Karimun

ASN di Karimun Tak Bisa Lagi Pakai Gas Elpiji 3 Kg

batampos.id – Dinas Perdagangan, Koperasi, Usaha Kecil Menengah dan Energi Sumber Daya Mineral (Disdagkop, UKM dan ESDM) Karimun, Selasa (6/4/201) memanggil lima agen distribusi LPG subsidi 3 kilogram secara bertahap bersama pihak kepolisian. “Kemarin, kita lakukan sosialisasi PT Petromas Jaya Abadi dahulu. Kemudian, hari ini empat perusahaan lagi dilakukan sosialisasi bagaimana pendistribusian Gas LPG subsidi 3 kilogram kepada pangkalan-pangkalan di bawah agen distribusi,” jelas Kepala Dinas Perdagangan, Koperasi, UKM dan ESDM Karimun M Yosli.

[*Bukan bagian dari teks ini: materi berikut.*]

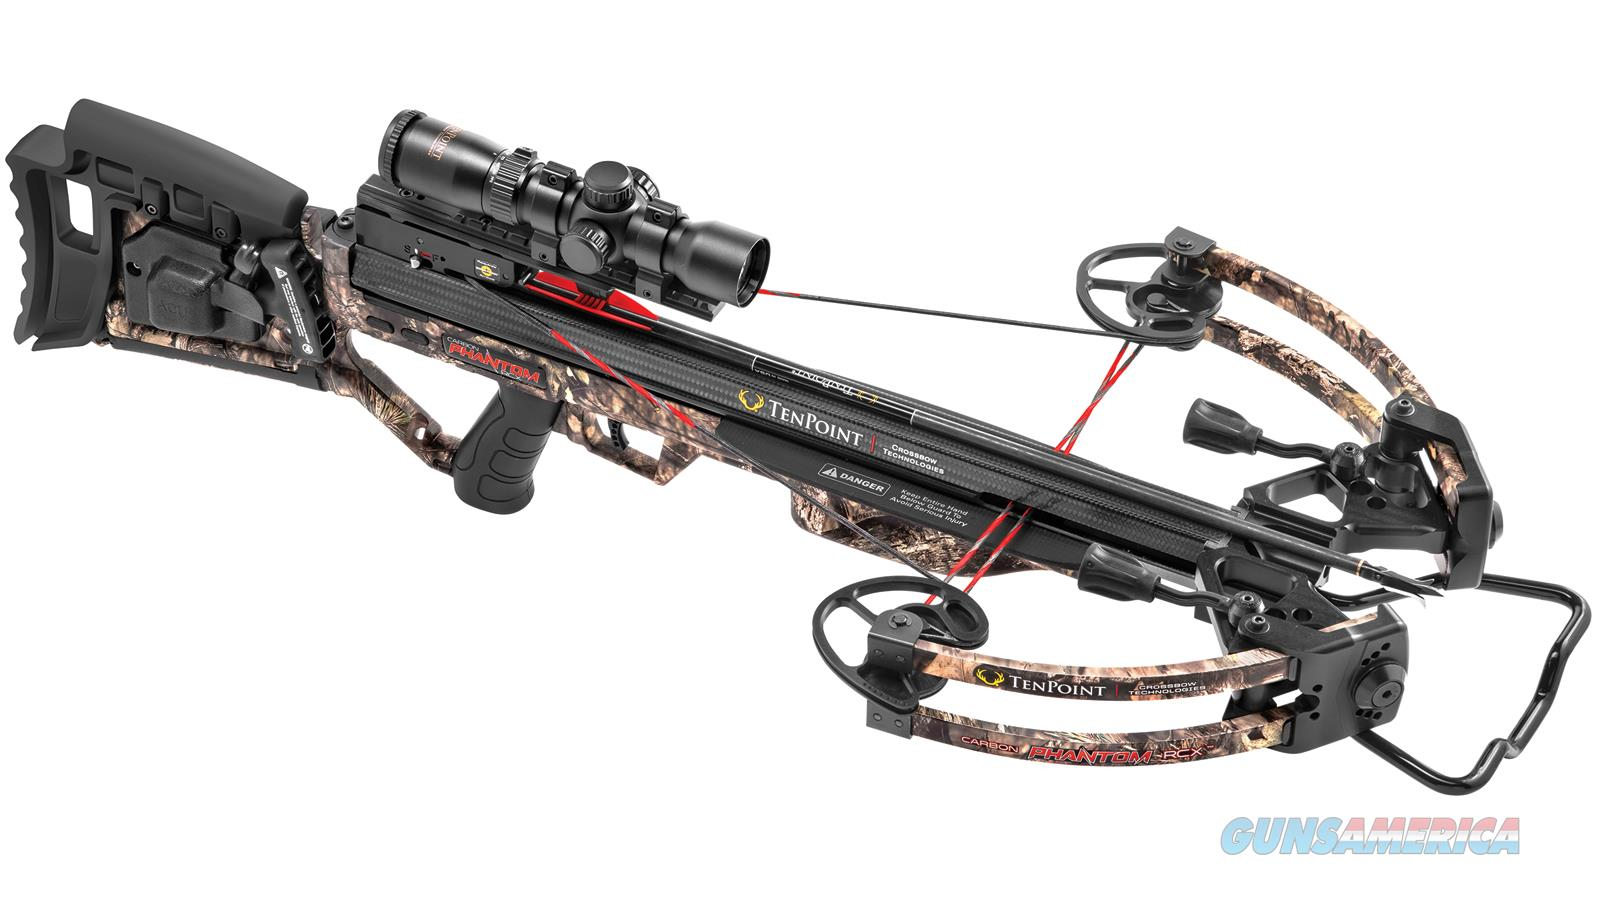 Ten Point Carbon Phantom Rcx Package CB170035111  Non-Guns > Archery > Parts

jelas Kepala Dinas Perdagangan, Koperasi, UKM dan ESDM Karimun M Yosli memberi penjelasan soal distribusi gas elpiji 3 kg di Karimun. (f.tri/batampos.id)

BACA JUGA: Ribuan Tabung Gas Elpiji untuk Karimun Tertahan di Tanjunguban, Bintan

Untuk Kabupaten Karimun ada lima agen gas subsidi 3 kilogram yaitu PT Petromas Jaya Abadi, PT Cipta Nusa Indonnesia dan PT Prima Jaya Sukses untuk wilayah pulau Karimun. Kemudian, PT Lestari Cipta Prima Sakti dan PT Bintang Abadi untuk wilayah Pulau Kundur dan Pulau sekitarnya.

Advertisement

Sosialisasi tersebut bertujuan mengatasi terjadinya kelangkaan gas di tengah-tengah masyarakat. Di mana agen melalui pangkalan-pangkalan yang mendapatkan jatah gas agar benar-benar mendistribusikan kepada masyarakat miskin.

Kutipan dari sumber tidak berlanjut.